Даже такие высокие персоны, как министр, депутат, — и они, подобно слепым котятам, сту-пают на скользкую дорожку и потом валятся в пропасть
Тихое, культурненькое винопитие незаметно притормаживало все дела, гасило энергию, иссушало ум и душу
Алкоголь быстрее всего выветривает бойцовские качества человека
«Люди впускают в свои уста врага, который похищает их мозг»
Я всё-таки надеюсь: человечество одолеет эту напасть
Шичко сказал точно: люди пьют потому, что их сознание искажено ложными взглядами
Все страницы

Знают силу спиртного лишь наши враги, недаром это зелье они избрали своим главным оружием.

Алкоголь быстрее всего выветривает бойцовские качества человека. Подобно тому, как вода гасит пламя, так спиртные возлияния, действуя, прежде всего на мозг и центральную нервную систему, угнетают волю, решимость и смелость. Человек, из года в год потребляющий даже малые дозы алкоголя, незаметно для самого себя размягчается, обретает черты робости и смирения, — он становится обывателем, а впоследствии даже и трусом.

Я такое наблюдал у многих журналистов и писателей. Расскажу подробнее о Фирсове. Мы много лет с ним бок о бок шли по жизни, трудную писательскую судьбу начали с Литературного института, — прошли и сквозь огонь левацкой критики, клеветы и травли; видел его и на белом коне, гарцующим перед ратью противника, бросающим в лицо сильным мира полные святого гнева слова:

В цене предатели народа, —

Что говорить, в большой цене!

И потом, много лет спустя, он хлопотал насчёт просторных столичных квартир — и получал их, насчёт лауреатских медалей — тоже получал, насчёт должностей — и тут не остался обделённым.

Пил он всегда много, лихо, — прятался от недобрых глаз, но пил. С присущим ему талантом живописать словом одаривал литературную богему крылатыми выражениями: не выпил, а «всосал», «пьёт под одеялом», «ушёл в шерсть», «получил на лапу» и т.д.

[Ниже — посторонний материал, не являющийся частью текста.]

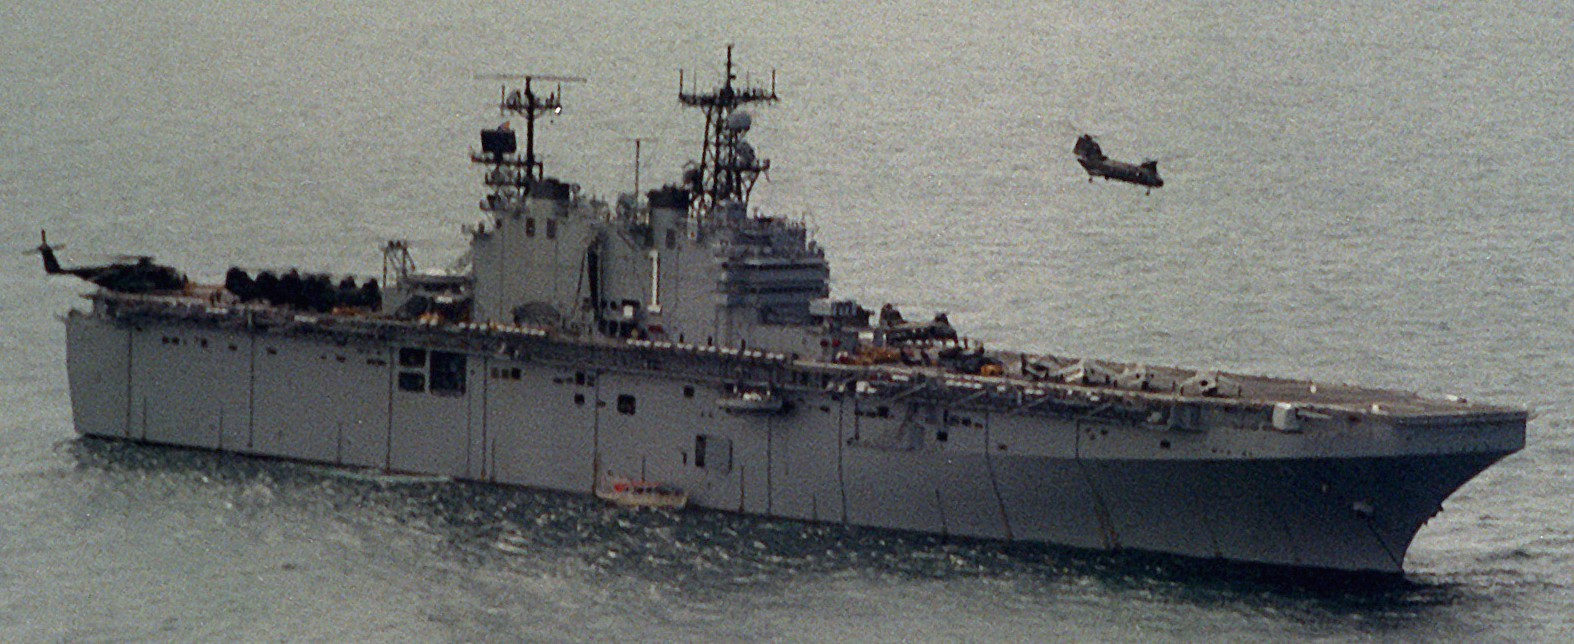 lha-1 uss tarawa amphibious assault ship us navy 13th mau marines hmm-161 65
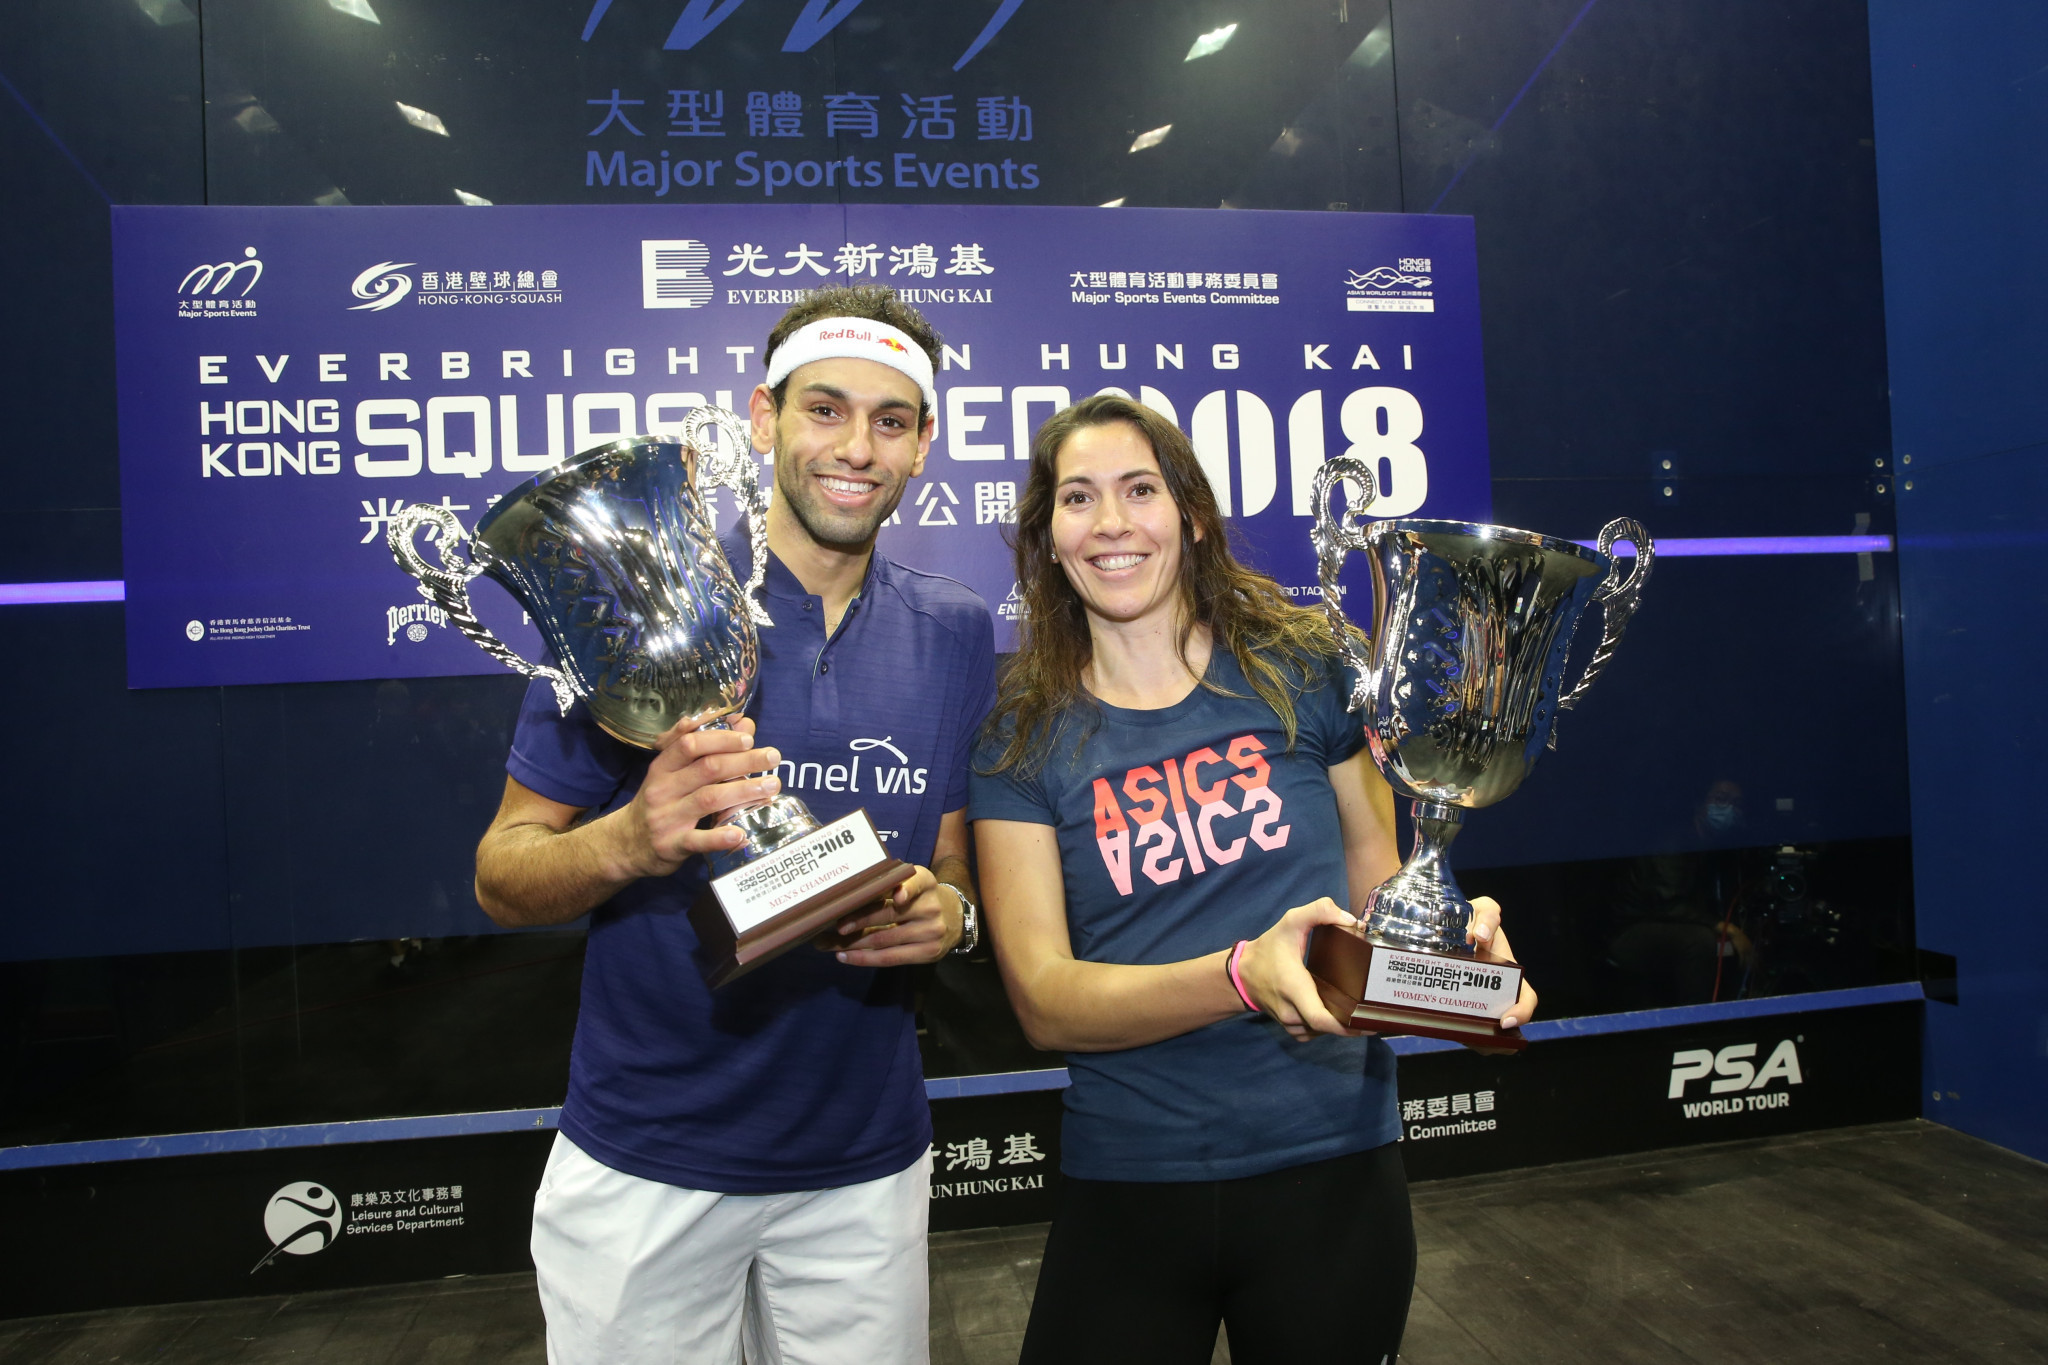 Egypt's Mohamed ElShorbagy and New Zealand's Joelle King won at last year's event ©PSA

Много он хороших стихов написал, — не зря любил его Шолохов! — много книг издал, — и слава Богу! — мы ждали от него новых и новых...

Книги выходили, толстые, в роскошном оформлении. Но рифма в стихах слабела, и образ тускнел. Что же до борьбы... Клинок его притуплялся, не летели искры из строк. Тише, тише... Так-то оно спокойнее. И врагов поменьше, — авось, не так нападать будут, и книгам новым не помешают. Куда как хорошо — если книги выходят!

Но пойдём по порядку.

Я особенно часто встречался с братьями-писателями, когда на год, на два отходил от службы и отдавался свободному литературному труду. После обеда, ближе к вечеру, отправлялся к друзьям. По дороге к Шевцову или Кобзеву заходил к Фирсову.

У крыльца дома, на лавочке, сидел дядя Ваня — брат отца Фирсова, русский крестьянин, приехавший на старости в гости к именитому племяннику. Я любил его общество и не упускал случая побеседовать.

Присел рядом, показал на недавно построенную в глубине усадьбы времянку — там находился кабинет поэта; оттуда доносился громкий разговор, из приоткрытой двери шёл табачный дым.

— О чём они там? — спросил дядю Ваню.

— А-а, — махнул он рукой, — О них всё толкуют... Ну, как их? Синасти.

— Что это, дядя Ваня?

— Ну, эти... как они... синасти?

И, уже подходя к двери, я вдруг понял: «Сионисты!»

Рассказал Фирсову, Шевцову, Чалмаеву, — они были тут же, — и долго, и громко смеялись. С тех пор надолго в лексикон нашей писательской колонии вошло это перевёрнутое слово: «синасти».

Едва я вошёл во времянку, хозяин схватил со стола свежий номер «Известий», швырнул на пол:

— На! Читай свою газету! Кого печатают? Кого хвалят? Сионисты проклятые.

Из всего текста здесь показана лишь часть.